Tickoo, Omesh
Uncertainty aware multimodal activity recognition with Bayesian inference
Subedar, Mahesh, Krishnan, Ranganath, Meyer, Paulo Lopez, Tickoo, Omesh, Huang, Jonathan
Deep neural networks (DNNs) provide state-of-the-art results for a multitude of applications, but the use of DNNs for multimodal audiovisual applications is still an unsolved problem. The current approaches that combine audiovisual information do not consider inherent uncertainty or leverage true classification confidence associated with each modality in the final decision. Our contribution in this work is to apply Bayesian variational inference to DNNs for audiovisual activity recognition and quantify model uncertainty along with principled confidence. We propose a novel approach that combines deterministic and variational layers to estimate model uncertainty and principled confidence. Our experiments with in- and out-of-distribution samples selected from a subset of the Moments-in-Time (MiT) dataset show more reliable confidence measure as compared to the non-Bayesian baseline. We also demonstrate the uncertainty estimates obtained from this framework can identify out-of-distribution data on the UCF101 and MiT datasets.
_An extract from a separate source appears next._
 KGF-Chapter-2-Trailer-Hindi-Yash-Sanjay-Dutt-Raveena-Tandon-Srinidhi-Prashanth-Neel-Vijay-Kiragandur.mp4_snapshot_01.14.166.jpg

In the multimodal setting, the proposed framework improved precision-recall AUC by 14.4% on the subset of MiT dataset as compared to non-Bayesian baseline.
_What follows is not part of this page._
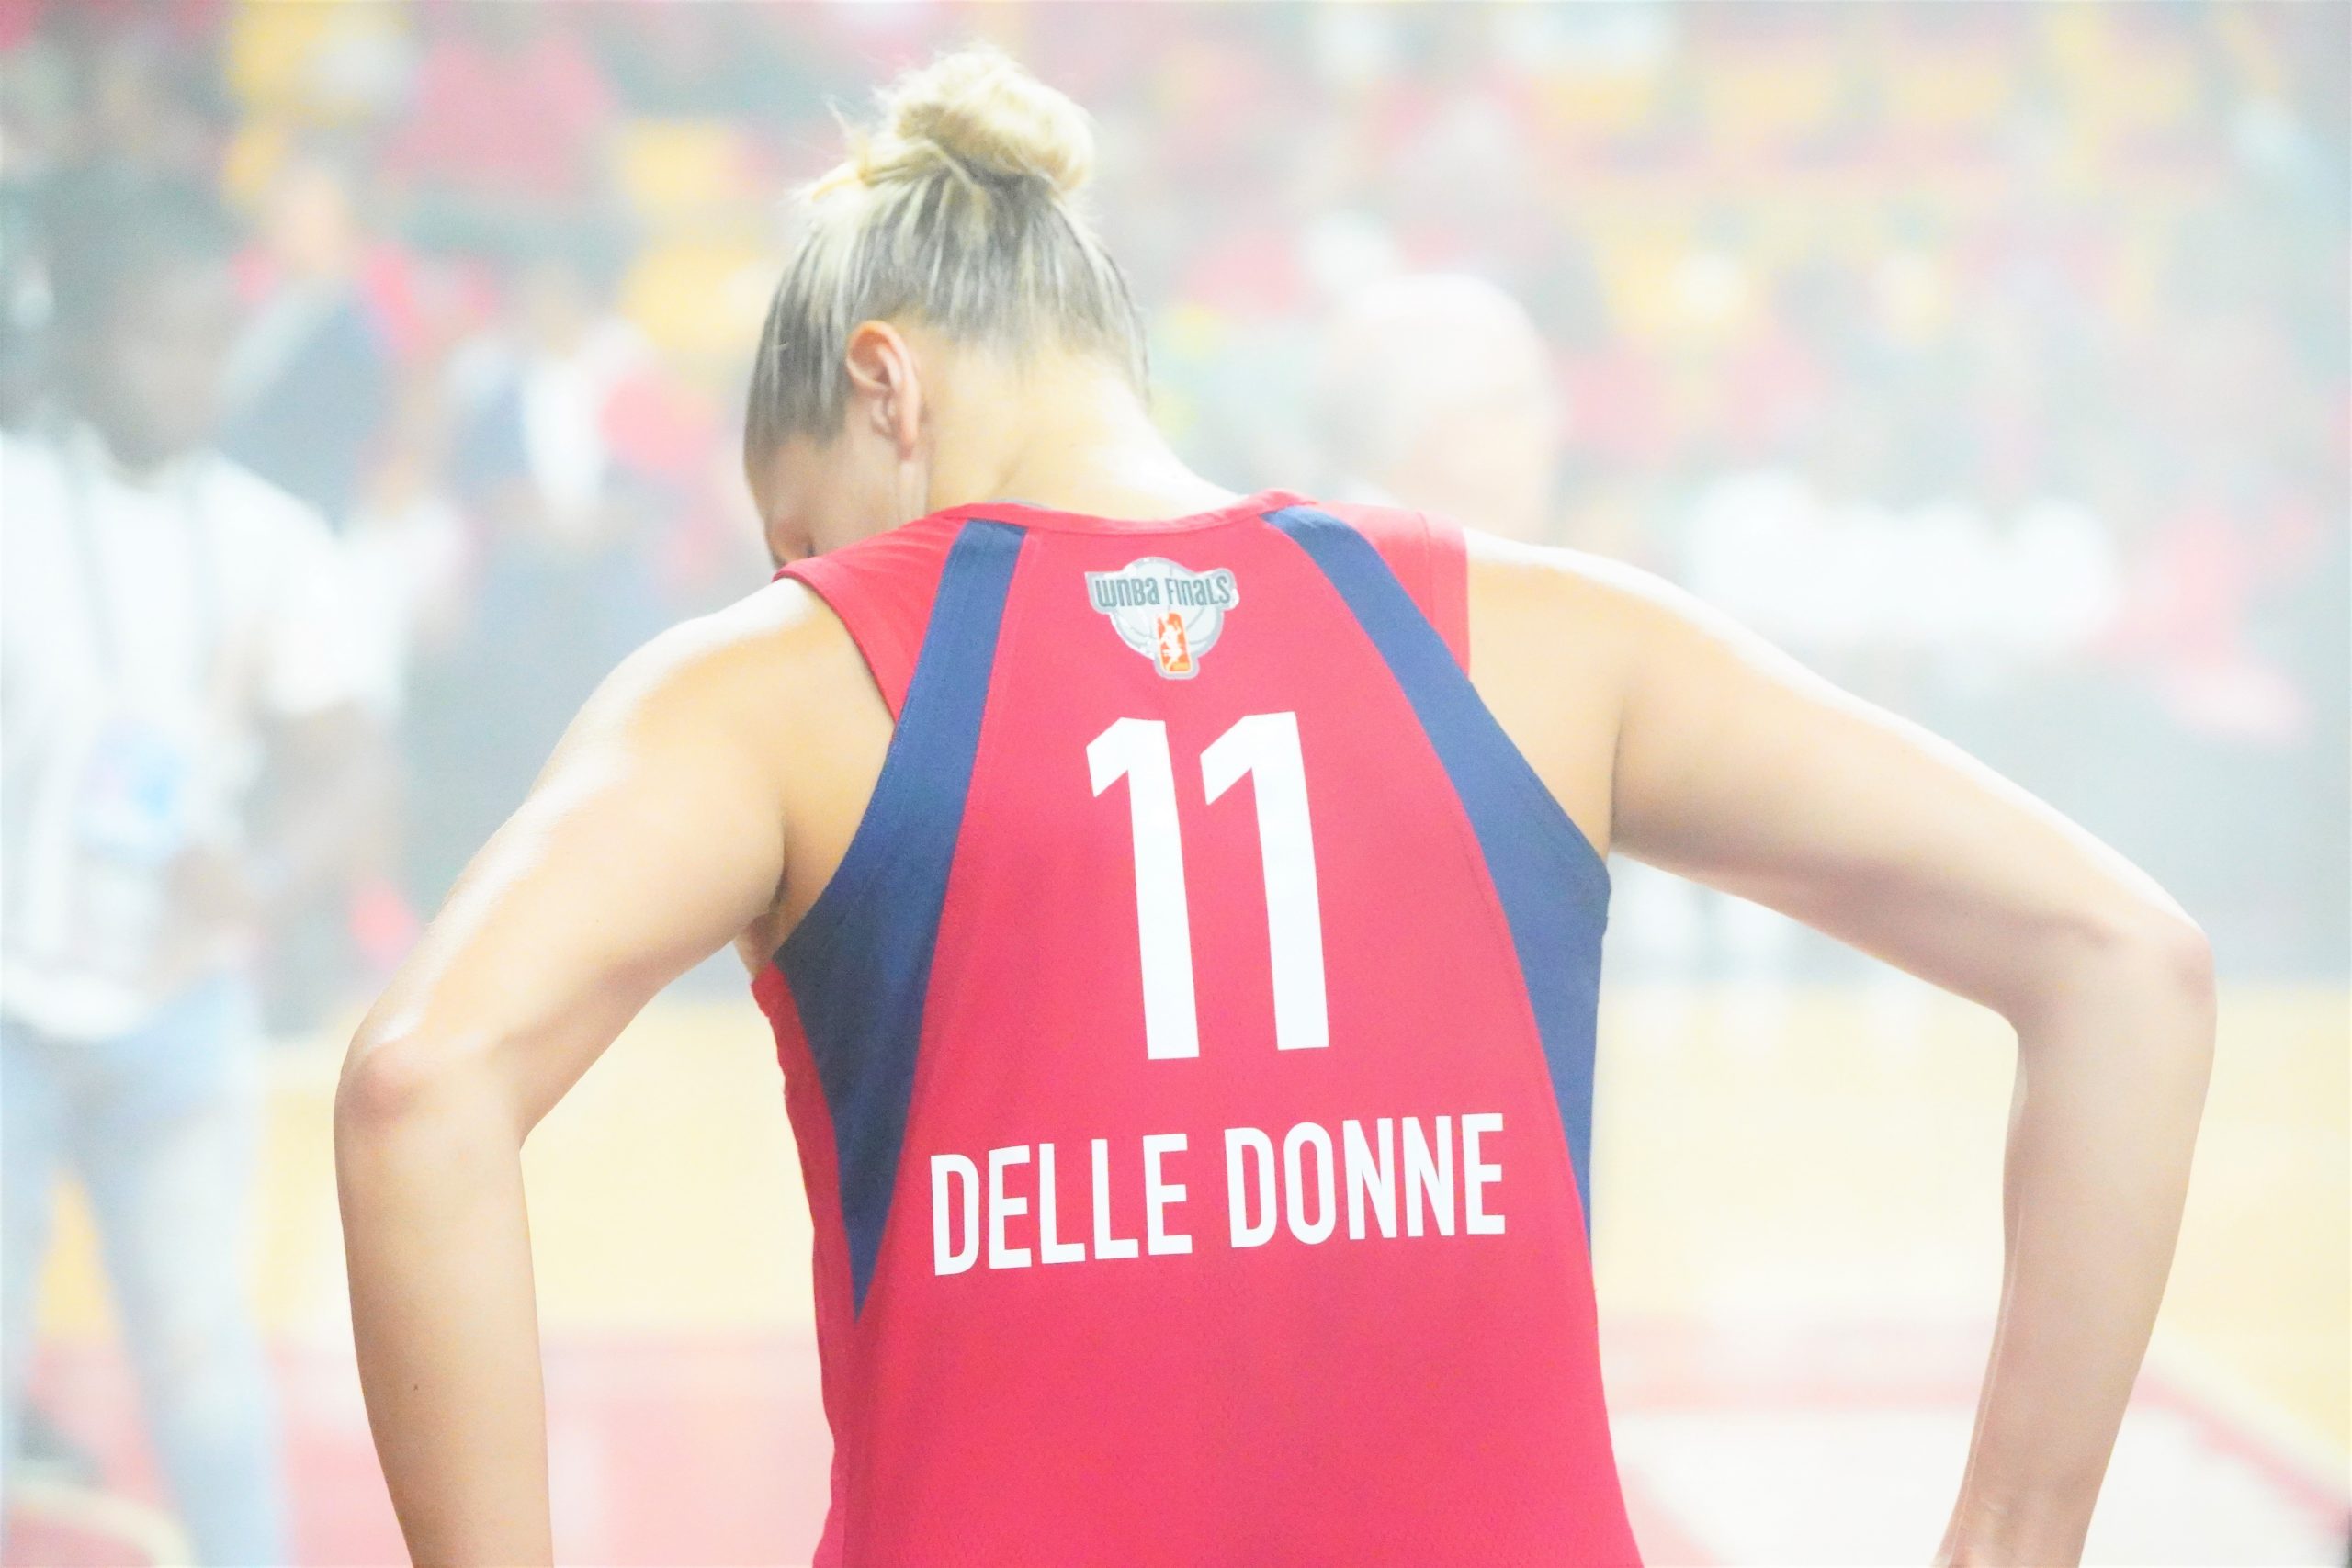 Elena Delle Donne back hands on hips

BAR: Bayesian Activity Recognition using variational inference
Krishnan, Ranganath, Subedar, Mahesh, Tickoo, Omesh
Uncertainty estimation in deep neural networks is essential for designing reliable and robust AI systems. Applications such as video surveillance for identifying suspicious activities are designed with deep neural networks (DNNs), but DNNs do not provide uncertainty estimates. Capturing reliable uncertainty estimates in safety and security critical applications will help to establish trust in the AI system. Our contribution is to apply Bayesian deep learning framework to visual activity recognition application and quantify model uncertainty along with principled confidence. We utilize the variational inference technique while training the Bayesian DNNs to infer the approximate posterior distribution around model parameters and perform Monte Carlo sampling on the posterior of model parameters to obtain the predictive distribution. We show that the Bayesian inference applied to DNNs provides reliable confidence measures for visual activity recognition task as compared to the conventional DNNs. We also show that our method improves the visual activity recognition precision-recall score by 6% compared to non-Bayesian baseline. We evaluate our models on Moments-In-Time (MiT) activity recognition dataset by selecting a subset of in- and out-of-distribution video samples.